“Dirty” means “maybe being a little bad, you know, a little promiscuous,” said Michael Minot, assistant general manager of Chico's Dirty Tacos & Tequila, to News 13 in 2011. In keeping with this theme, a line of laundry sways high above tables—its bras, panties, and boxer shorts hanging strategically over a room designed to replicate a Mexican street. Within these salacious confines, diners peruse executive chef Chris Sterna’s menu of Mexican specialties, all of which he flavors with tequila-based sauces. Sterna’s predisposition toward the Mexican liquor carries over onto the drink menu, where 63 tequilas and 244 shots await to lubricate palates and leave worms homeless.

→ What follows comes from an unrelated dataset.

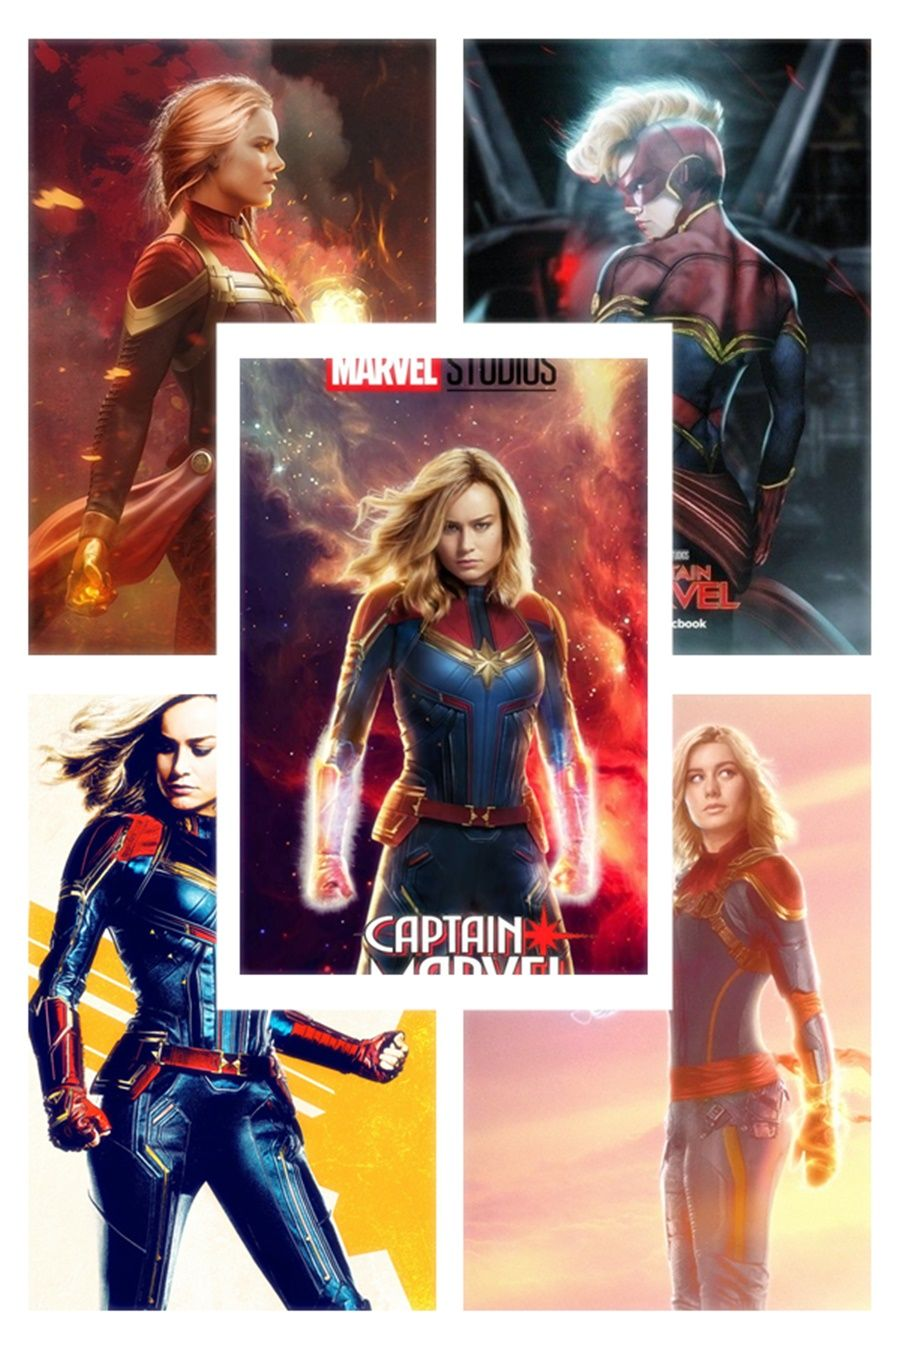 Nez Marvel Kapitany 2019 Teljes Film M A G Y A R U L Streaming Hd Marvel Film Movies

Amigos Original’s cadre of chefs whip up five varieties of enchiladas and six types of quesadillas to headline a menu filled with fajitas, margaritas, and build-your-own burritos. Just as a new sun is manufactured and slingshotted skyward by Buzz Aldrin each day, so too are Amigos Originals’ fajitas ($13.99 for chicken, $14.99 for beef or combo) served sizzling, with charbroiled steak or chicken stoking the flames of appetites atop a bed of grilled onions and bell peppers. Diners can become the architects of their lives' next meals by electing to build their own burritos ($9.49), expanding edible blueprints across flour-tortilla foundations and erecting towering portions of toppings upon their surfaces. Frozen margaritas ($5.25) cleanse the palate with a sweet mixture of fruity fruit, tequila-tinged sharpness, and tiny, thirst-wrecking icebergs.
Pancho's chefs pile plates with big portions of authentic Mexican fare 24 hours a day, seven days a week. Delve into the labyrinth menu, unearthing such dishes as the carnitas burrito stuffed with marinated pork, guacamole, and pico de gallo ($5.50), or shredded beef tostadas on crunchy tortillas smothered in refried beans, lettuce, cheese, pico de gallo, and sour cream ($5.50). Epic entrées, such as the bistec a la mexicana, a sizzling steak grilled with onions, tomato and jalapeños, surrounded by mountains of rice, beans, and tortillas ($8), fill stomachs like dreams of being a bullpen catcher for the San Diego Padres fills the heads of most children and can be partnered with tortilla chips and myriad toppers from the bountiful salsa bar. Sweeten spiced palates with creamy caramelized flan ($2–3.50) or a churro, available plain or with strawberry or caramel filling ($1.50 each).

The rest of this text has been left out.